Brief Review — A lightweight hybrid deep learning system for cardiac valvular disease classification
Augmented Sound Dataset + CNN-LSTM
A lightweight hybrid deep learning system for cardiac valvular disease classification
CNN-LSTM, by Yarmouk University
2022 Nature Sci. Rep., Over 20 Citations (Sik-Ho Tsang @ Medium)Heart Sound Classification
2013 … 2022 [CirCor] 2023 [2LSTM+3FC, 3CONV+2FC] [NRC-Net]
==== My Other Paper Readings Are Also Over Here ====
- A combined CNN and LSTM model is proposed for 5-class phonocardiogram (PCG) signal classification, which utilizes either augmented or non-augmented datasets.
Outline
- Datasets, Preprocessing & Data Augmentation
- Proposed CNN-LSTM & FFT-CNN-LSTM
- Results
1. Datasets, Preprocessing & Data Augmentation
1.1. Datasets
- The model was trained using the publicly available open heart sounds GitHub Dataset. 1000 recordings. with 5 classes. Each class has 200 recordings.
- PhysioNet/CinC Challenge 2016 was the second dataset utilized in this research to further examine the suggested model. This dataset contains normal and abnormal classes only.
- Some examples are shown above for 2 datasets.
1.2. Preprocessing
- Fourier transform of PCG signals was clipped to contain only 350 Hz from the 4000 Hz spectrum.
- Each PCG record in the first dataset is downsampled by a factor of 8, and each PCG record in the second dataset is downsampled by a factor of 2.
- Therefore, the highest frequency content is 500 Hz in all heart conditions, as shown above.
1.3. Data Augmentation
Similar to images, there are several techniques to augment audio signals, and these techniques are usually applied to the raw audio signals.
- Time stretch: randomly slow down or speed up the sound.
- Time shift: shift audio to the left or the right by a random amount.
- Add noise: add some random values to the sound.
- Control volume: randomly increasing or decreasing the volume of the audio.
2. Proposed CNN-LSTM & FFT-CNN-LSTM
2.1. CNN-LSTM
In brief, deep feature extraction and selection from the PCG signals are handled by CNN blocks, particularly the 1D convolutional layers, the batch normalization layers, the ReLU layers, and the max-pooling layers.

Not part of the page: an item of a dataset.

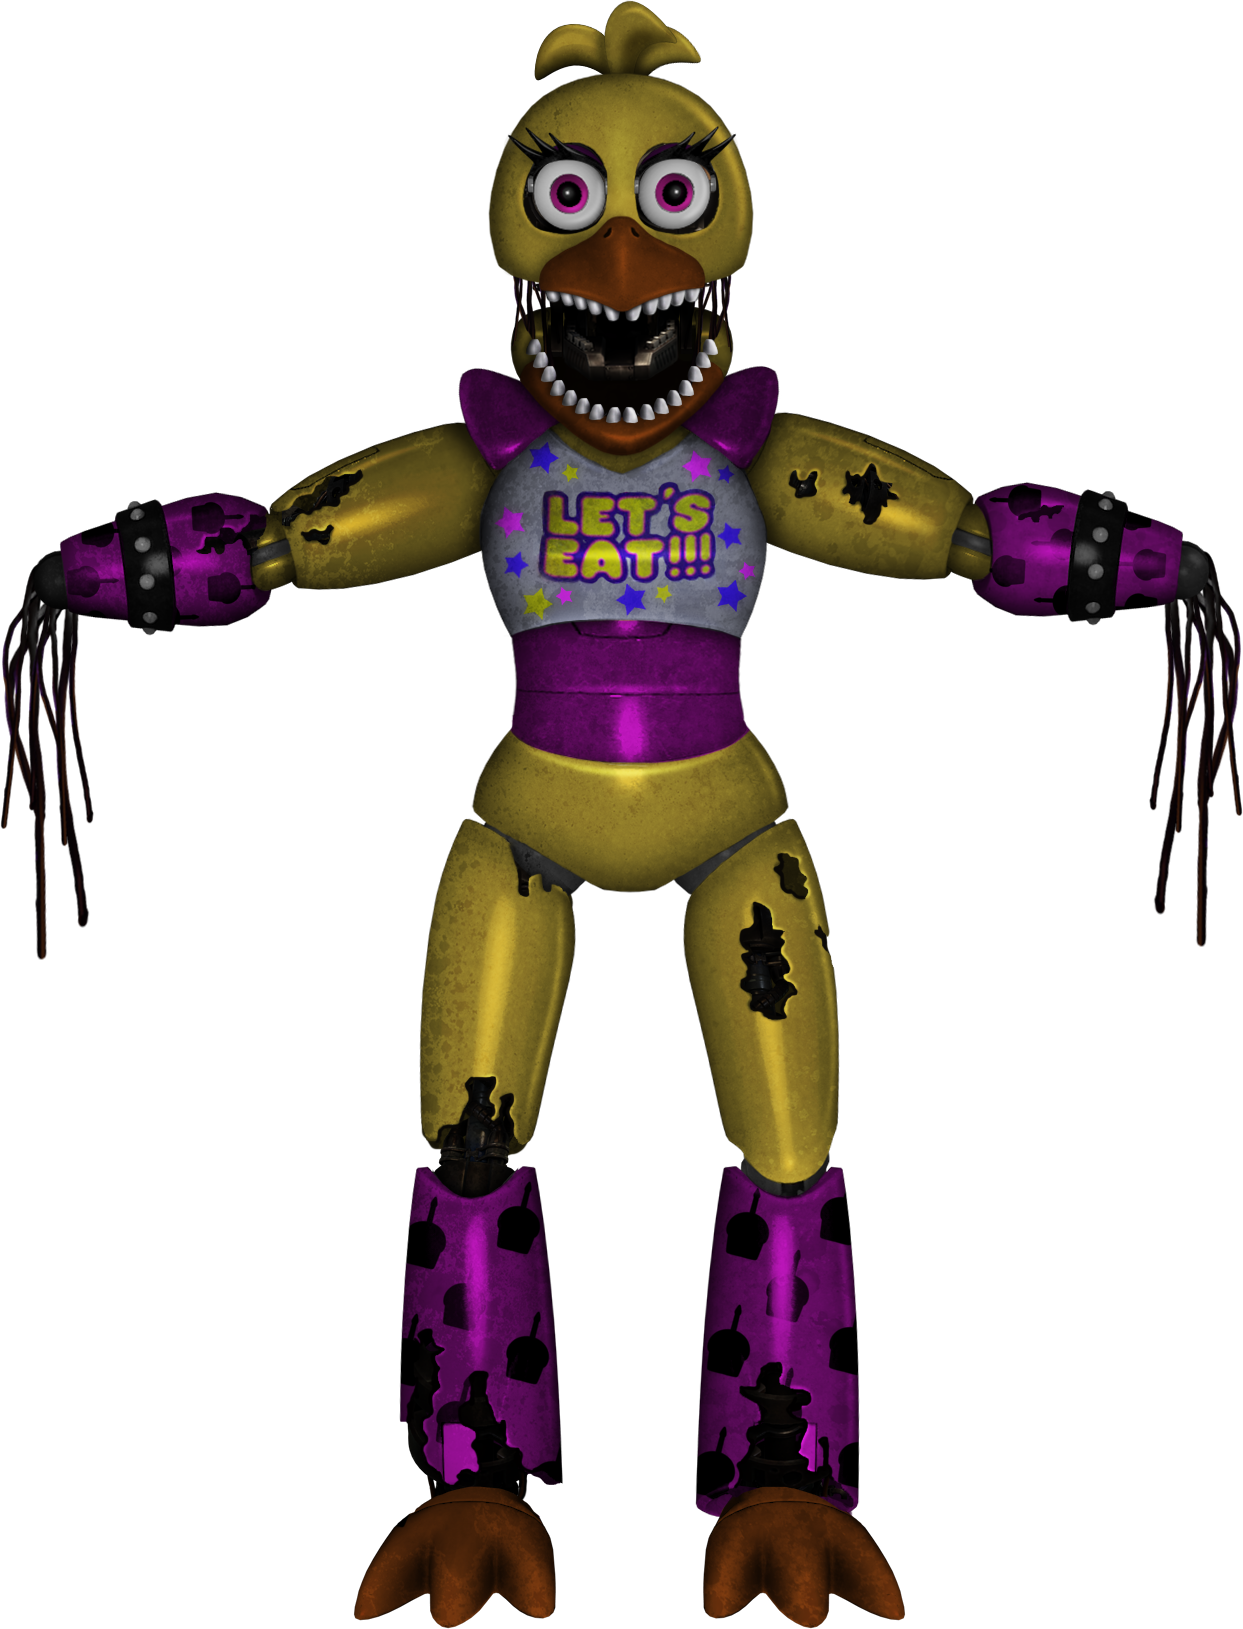 Withered GlamRock Chica fanart by me! (NukaRat) : r/fivenightsatfreddys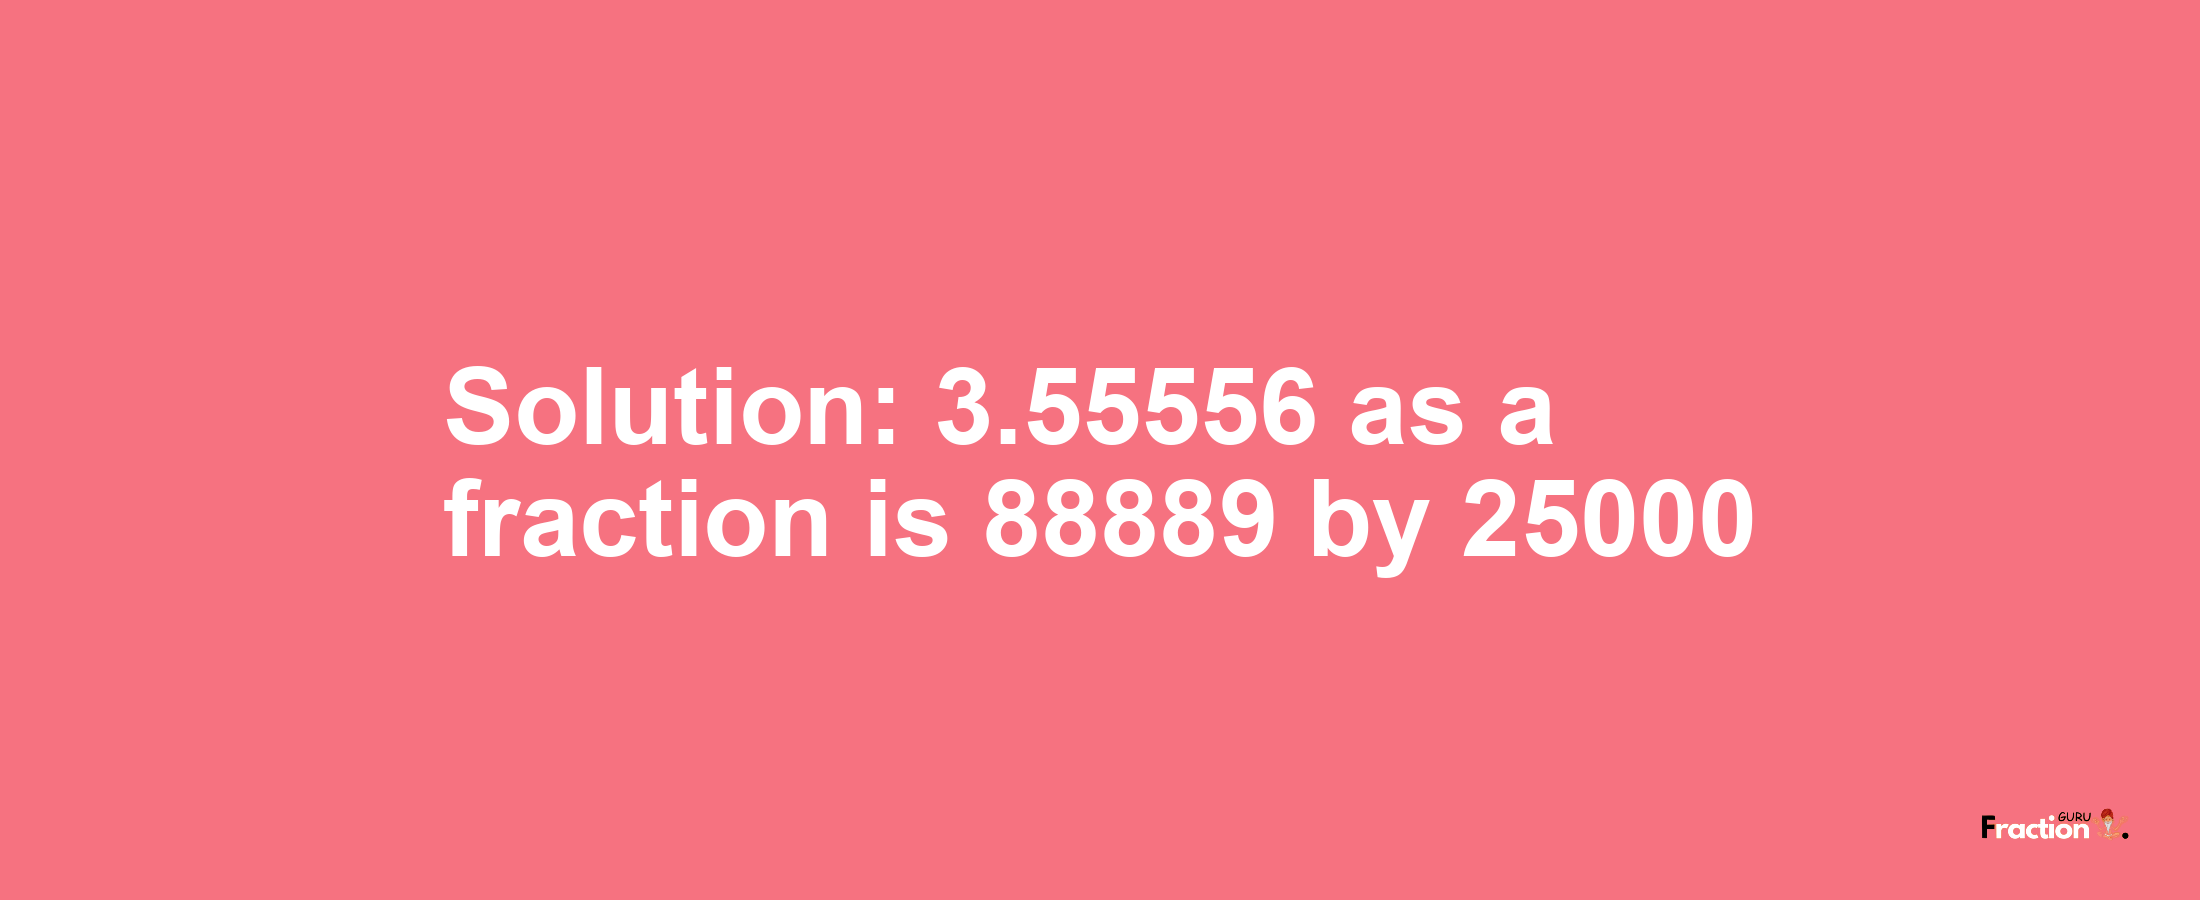 Solution:3.55556 as a fraction is 88889/25000

Utilizing the LSTM component produce a richer and more concentrated model compared to the pure CNN models, resulting in higher performance with fewer parameters.
2.2. FFT-CNN-LSTM
- Using the FFT input, the model becomes a FFT-CNN-LSTM model.
3. Results
3.1. Non-Augmented Data vs Augmented Data
- 10-fold cross-validation is used.
For the non-augmented data, the accuracy was 98.5%.
For the augmented data, the accuracy was 99.87%.
For the binary dataset, the accuracy was 93.77%.
- (Please read the paper directly for more experimental results.)
3.2. SOTA Comparisons
The proposed architecture outperforms all models for all important performance metrics. The accuracy of the new model is 99.87% which is 0.27% higher than the accuracy of the second-best model built by Shuvo et al. in 2021.
The new system outperformed the previous state-of-the-art models for all performance metrics. The obtained accuracy is 6.45% higher than the 87.31% accuracy reported by Alkhodari et al. in 2021.
3.3. Time Measurement
The result shows that it is a lightweight model that can be implemented using embedded systems.